Cataract formation in DMD patients on long-term glucocorticoid therapy

The medical records of Duchenne muscular dystrophy (DMD) patients on long-term glucocorticoid therapy (GC) treatment were reviewed retrospectively to evaluate the development of cataracts or ocular hypertension in patients. The main outcome measures were prevalence of cataracts and ocular hypertension, age of first detection of cataract, time from initial steroid use to first detection of cataract, and relative risk of cataract development for deflazacort versus prednisone treatment. Of 596 DMD patients, 514 underwent GC therapy. The prevalence of cataracts was 22.4% in patients on GC therapy. The mean age at which cataract formation was first documented was 12.9 ± 4.1 years (IQR, 9.6-14.6).

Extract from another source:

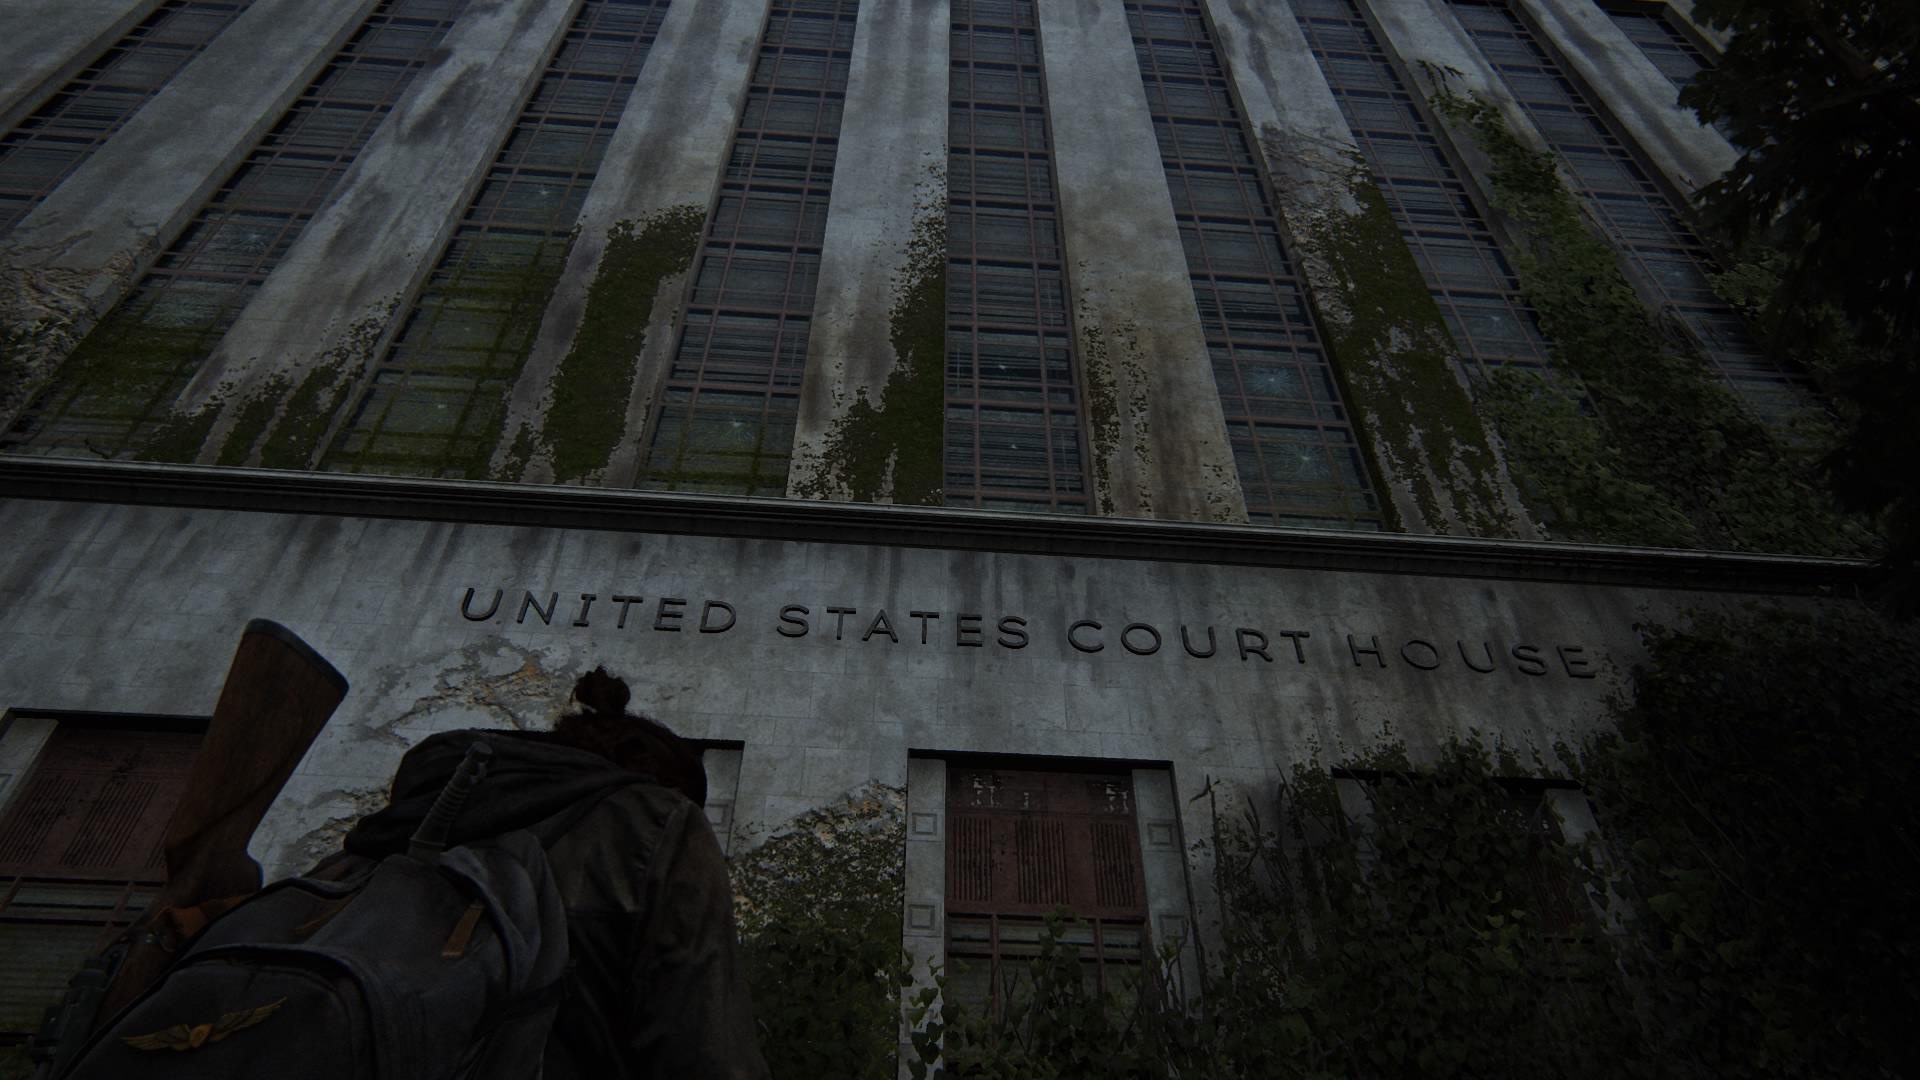 ... Das Nötige Benzin In Der Garage Des US-Gerichtsgebäudes Geholt Werden.

The mean time from initial steroid use to the first detection of cataract was 6.5 ± 3.6 years (IQR, 4.0-8.6). The odds of cataract development were 2.4-fold higher for patients on deflazacort compared with prednisone (95% CI, 1.3-4.5; P = 0.004). Only 7 patients (1.4%) underwent cataract surgery, at a mean age of 16.9 years (range, 10.7-24.6 years); all were on deflazacort. Among patients with available intraocular pressure measurements, ocular hypertension occurred in only 1 patient (1.1%), who was on deflazacort.

Rice ML, Wong B, Horn PS, Yang MB. Cataract development associated with long-term glucocorticoid therapy in Duchenne muscular dystrophy patients. JAAPOS. 2018 Jun;22(3):192-196.